When I was young, my mom taught me a rhyme: “Find a penny, pick it up, and all the day you’ll have good luck.”
So anytime I saw a penny on the ground, I’d grab it, slip it into my shoe and move on to a day of outrageous fortune.
Now that I’m a bit older, I have a pile of pennies overflowing on my desk, growing by the day and generally being a nuisance.
The penny has overstayed its welcome, and our ever-prudent neighbors to the north have finally done something about it.
Last Monday, Canada officially removed the penny from circulation, a move our government should consider copying. It’s going to be a simple transition for them, with plenty of valid reasons for making it that aren’t singular to Canada.
Canadians will still be able to make transactions down to the cent using credit cards or checks, something old people taking too long in line at Walmart will be delighted to hear, but all cash exchanges will be rounded to the nearest 5-cent denomination.
Simple, isn’t it?
It’s a wonder our government, despite its cost-cutting mood in recent years, has not opted to make a similar switch.
The best reason for eliminating the penny is an extremely simple one – the production cost of one penny is more than the value of the penny itself.
In 2011, the U.S. Mint reported that the price induced to produce one penny had risen to more than two cents. For the nearly $50 million dollars worth of pennies produced that year, the government spent about $120 million.
That kind of waste is unjustifiable in a time when we’re supposed to be enduring a modicum of sacrifice and austerity. Even in a time of prosperity, it’d be a sizable amount of money going down the drain.
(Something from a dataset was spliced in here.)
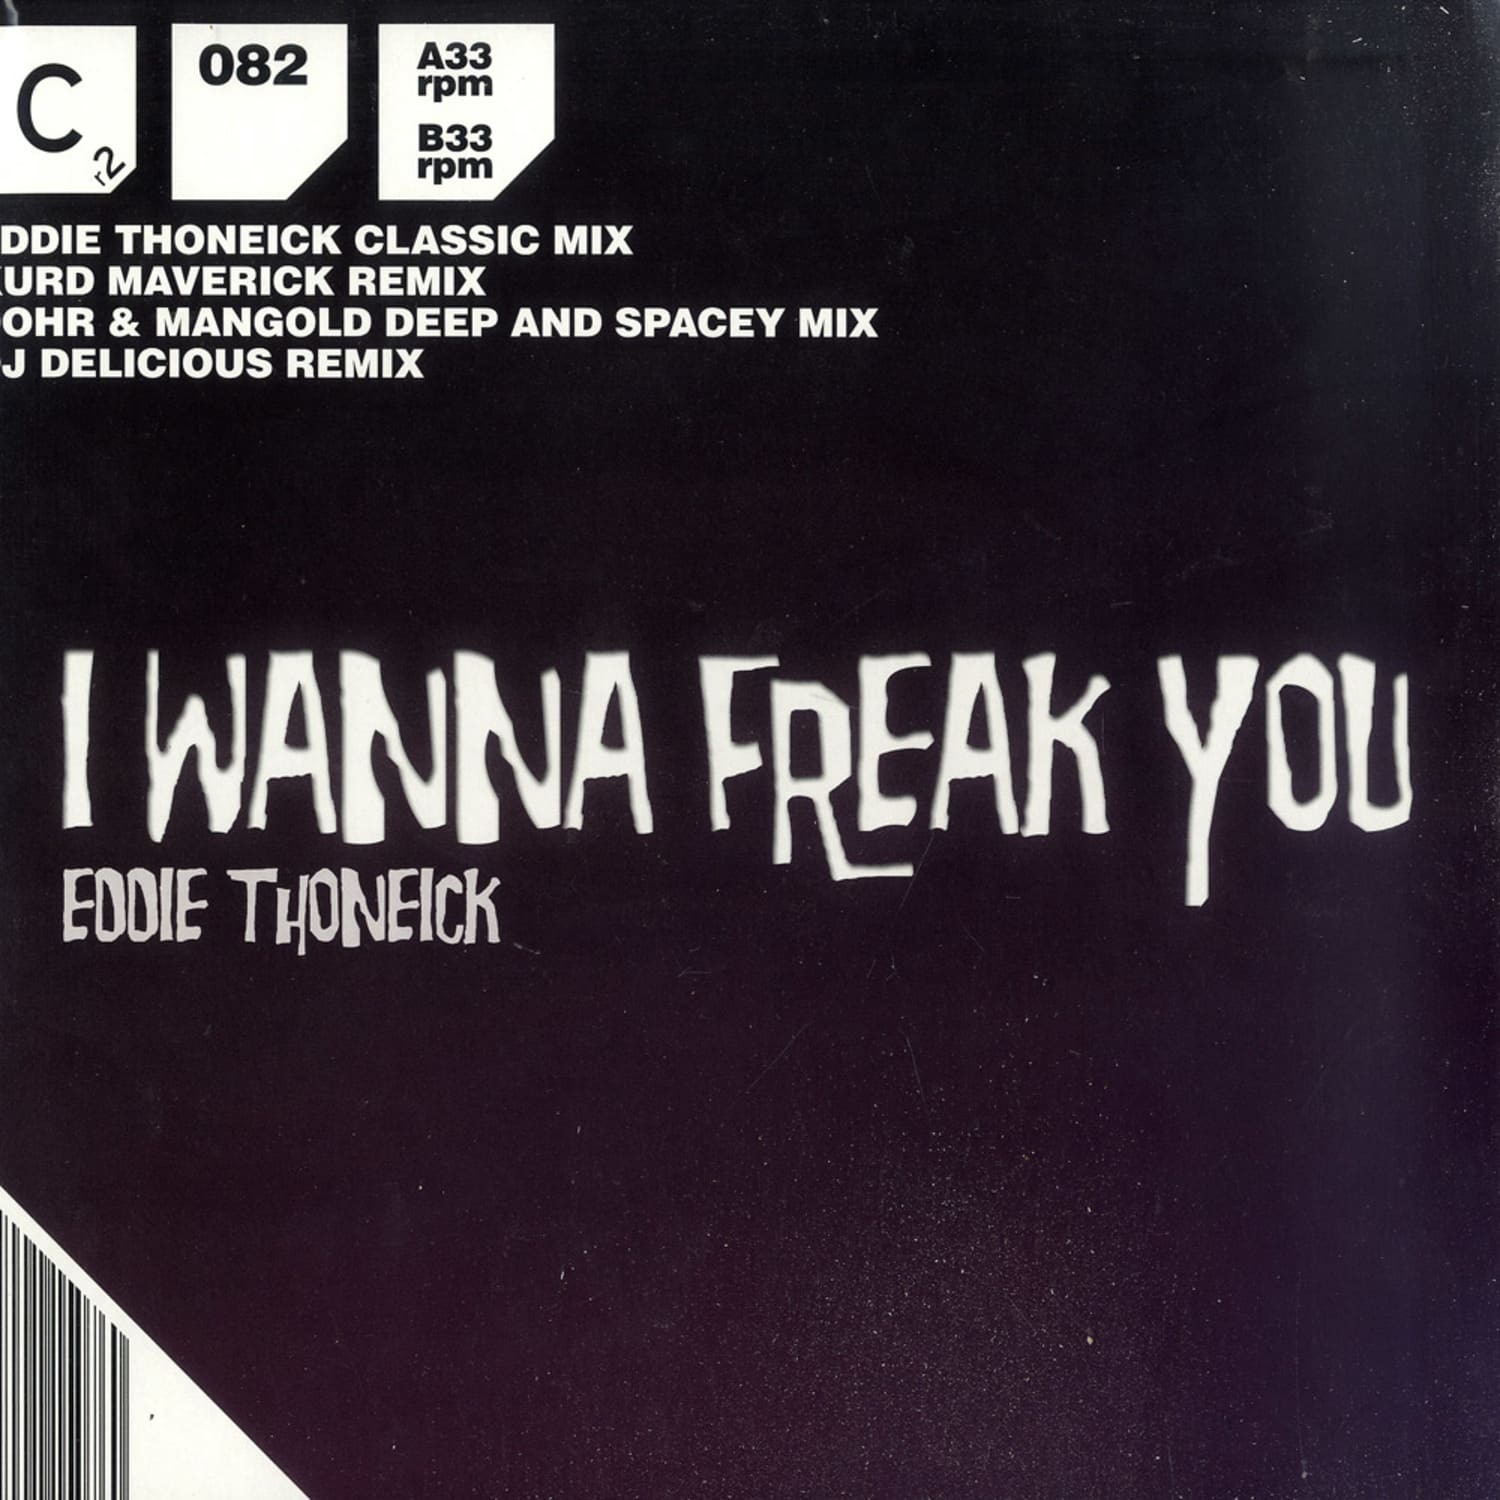 Eddie Thoneick - I WANNA FREAK YOU

Is anyone going to be upset if we get rid of the penny?
The only real problem I can think of is that Abe Lincoln will now be slightly less represented on our currency than some other presidents. But something tells me he won’t be terribly upset about that.
It’s 2012, and the world is changing.
Drugstores don’t sell bubblegum or Mary Janes for a penny anymore, but we can flash our smartphones under a scanner to buy our morning coffee. Our little copper-wrapped zinc coin is now nothing but a tiny anachronism.
Give it a few years, and we’ll have chips implanted in our arms we use to pay the bills. Cash is on the way out, and getting rid of the penny is a good first step in that direction.
The mint estimates about 140 billion pennies are currently in circulation. Given the price of the metals making up the coins, the government could recoup about $700 million by melting down the coins and selling the metals at face value, according to Coinflation.com’s intrinsic value table.
It may be only a drop in the bucket of our national debt, but there’s hardly a downside when the pennies will just be sitting in old coffee cans collecting rust anyway.
For me, we should follow the Canadians’ lead on a lot more than their penny policy, but this is something even the most hardcore fifty-four-fortiers can get behind. It’s just like Game said in “State of Emergency;” if it don’t make dollars, don’t make cents.